1. wenn der Wert des Beschwerdegegenstandes 600,00 EUR übersteigt oder

2. wenn die Berufung in dem Urteil durch das Amtsgericht zugelassen worden ist.

Die Berufung muss innerhalb einer Notfrist von einem Monat nach Zustellung dieses Urteils schriftlich bei dem Landgericht G, Bweg XX, XXXXX G, eingegangen sein. Die Berufungsschrift muss die Bezeichnung des Urteils, gegen das die Berufung gerichtet wird, sowie die Erklärung, dass gegen dieses Urteil Berufung eingelegt werde, enthalten.

Die Berufung ist, sofern nicht bereits in der Berufungsschrift erfolgt, binnen zwei Monaten nach Zustellung dieses Urteils schriftlich gegenüber dem Landgericht Aachen zu begründen.

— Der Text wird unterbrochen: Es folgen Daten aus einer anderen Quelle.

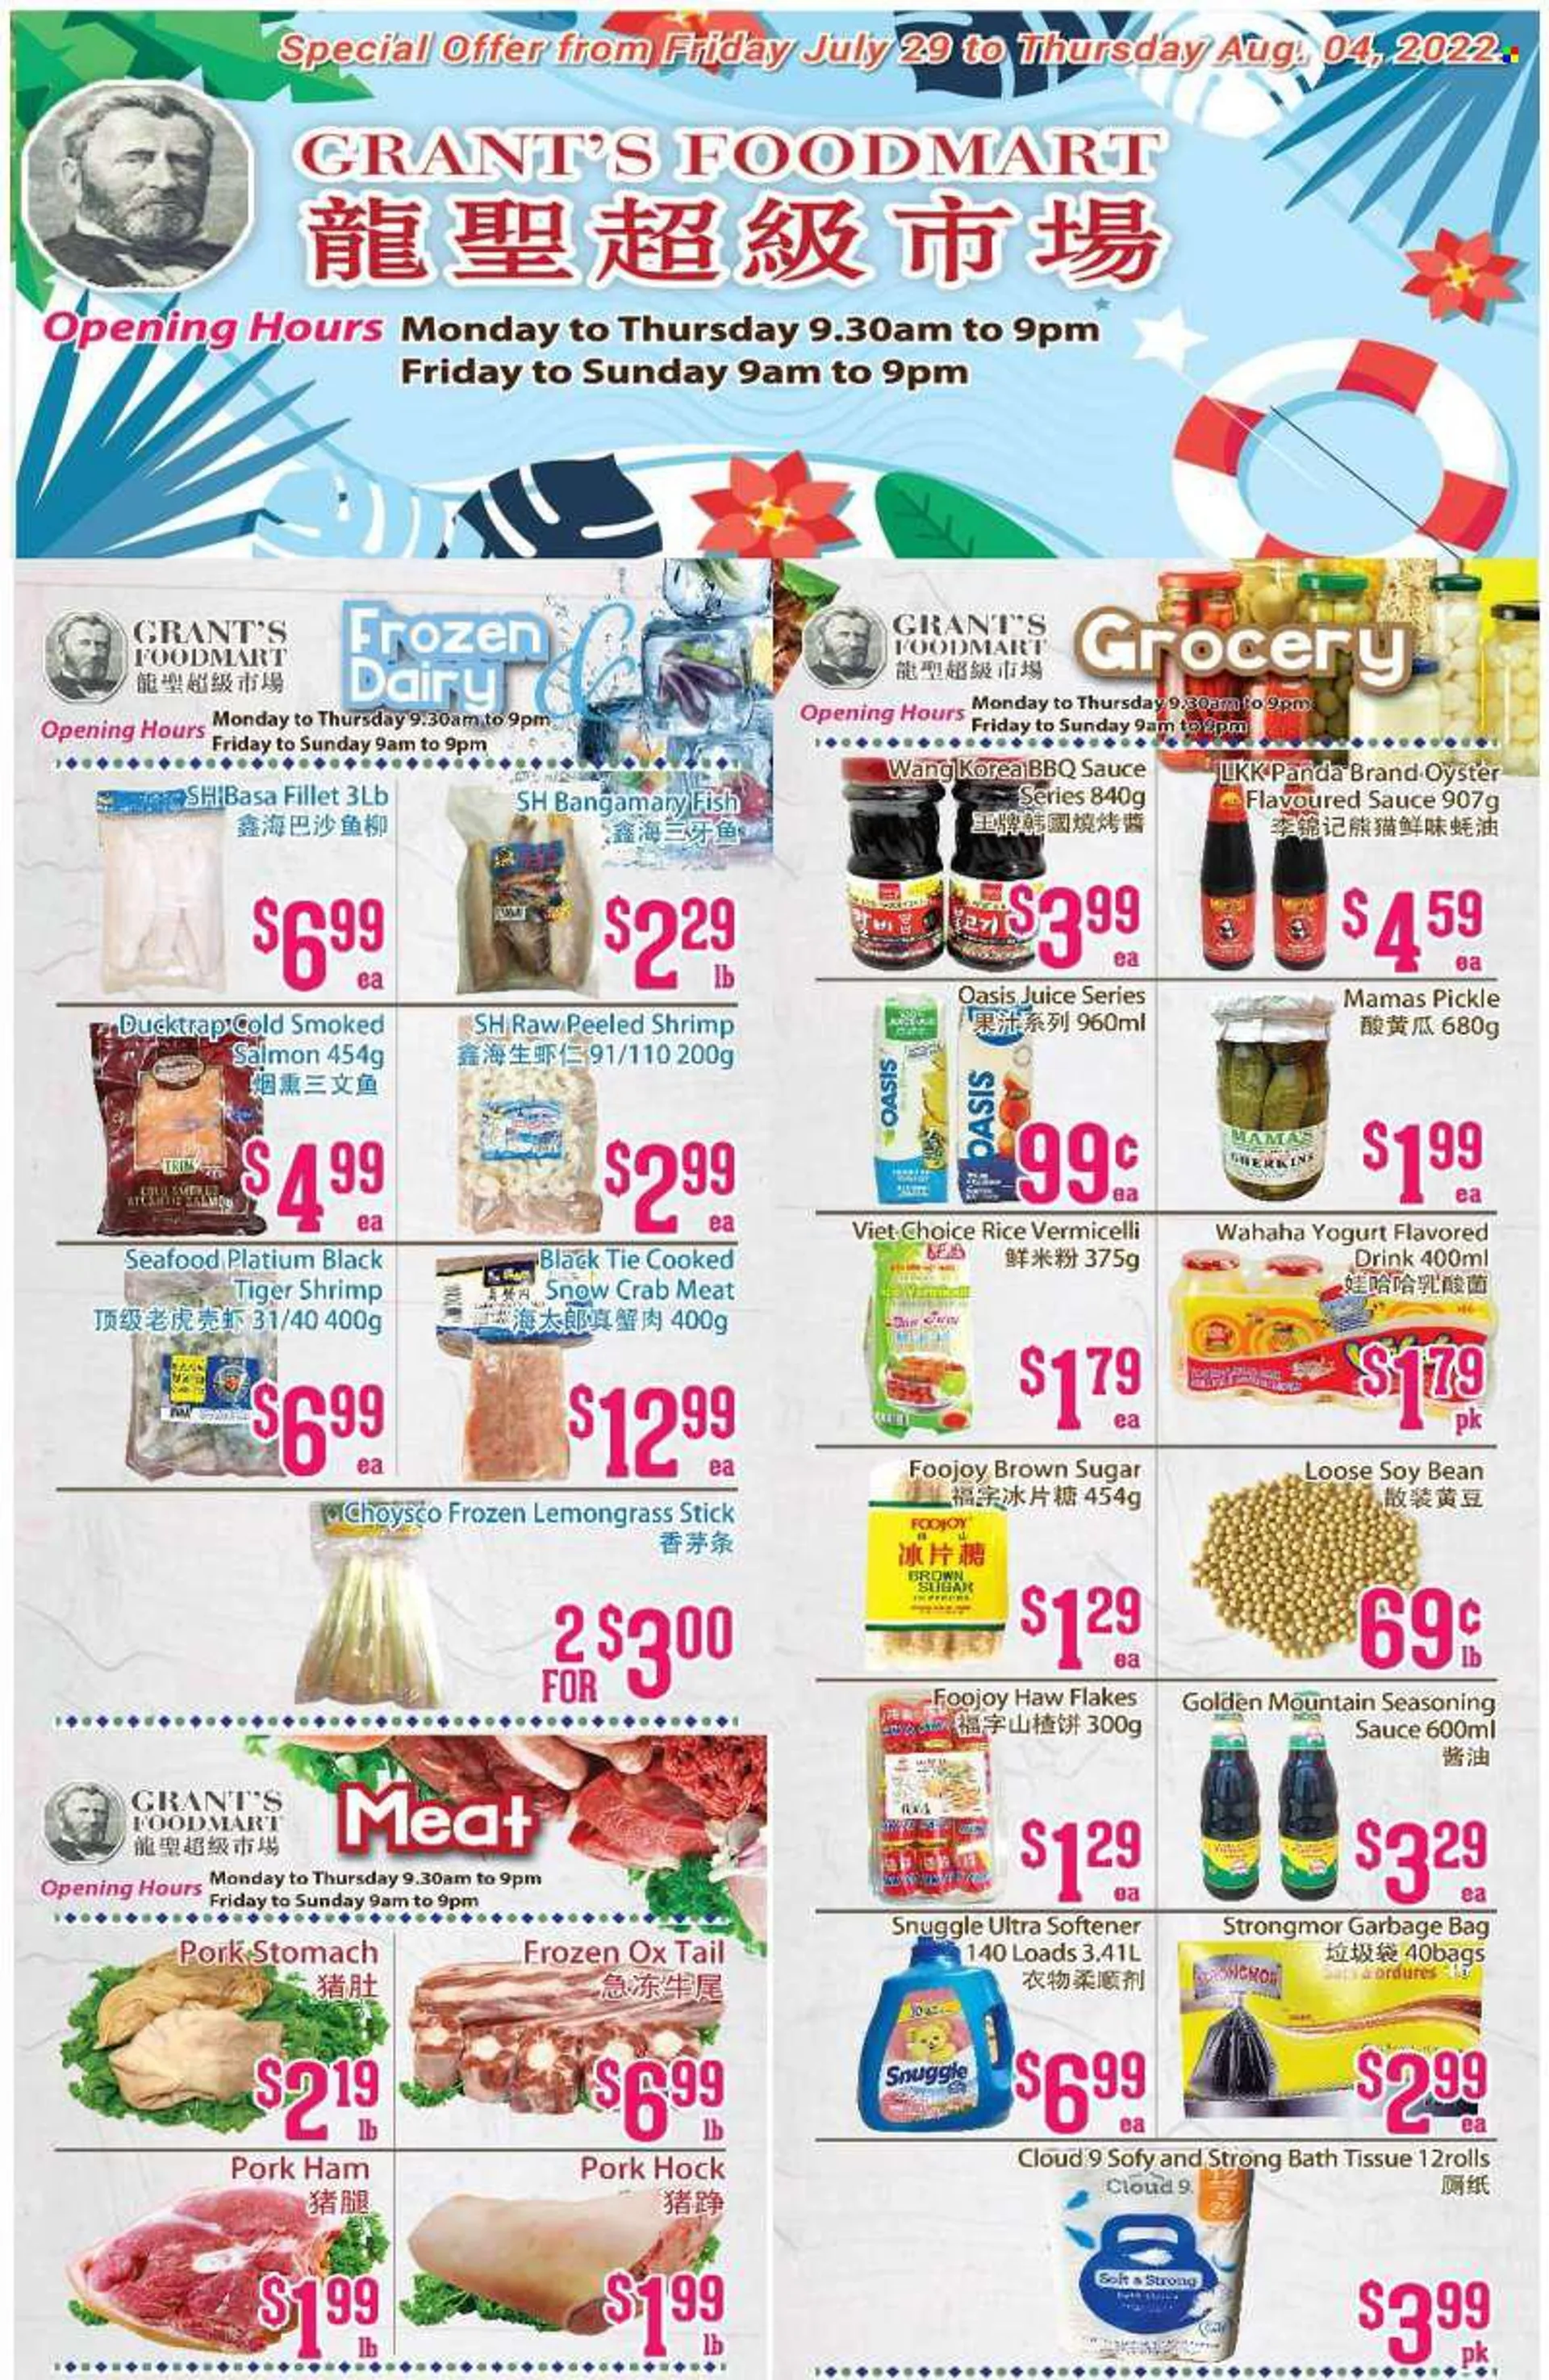 Grants Foodmart Flyer - July 29, 2022 - August 04, 2022 - Sales products - crab meat, salmon, smoked salmon, oysters, seafood, crab, fish, sauce, ham, yoghurt, Cloud 9, cane sugar, rice, rice vermicelli, spice, barbecue sauce, juice, Grants, pork hock, po

Die Parteien müssen sich vor dem Landgericht G durch einen Rechtsanwalt vertreten lassen, insbesondere müssen die Berufungs- und die Berufungsbegründungsschrift von einem solchen unterzeichnet sein.

Mit der Berufungsschrift soll eine Ausfertigung oder beglaubigte Abschrift des angefochtenen Urteils vorgelegt werden.

Hinweis zum elektronischen Rechtsverkehr:

Die Einlegung ist auch durch Übertragung eines elektronischen Dokuments an die elektronische Poststelle des Gerichts möglich. Das elektronische Dokument muss für die Bearbeitung durch das Gericht geeignet und mit einer qualifizierten elektronischen Signatur der verantwortenden Person versehen sein oder von der verantwortenden Person signiert und auf einem sicheren Übermittlungsweg gemäß § 130a ZPO nach näherer Maßgabe der Verordnung über die technischen Rahmenbedingungen des elektronischen Rechtsverkehrs und über das besondere elektronische Behördenpostfach (BGBl. 2017 I, S. 3803) eingereicht werden. Weitere Informationen erhalten Sie auf der Internetseite www.justiz.de.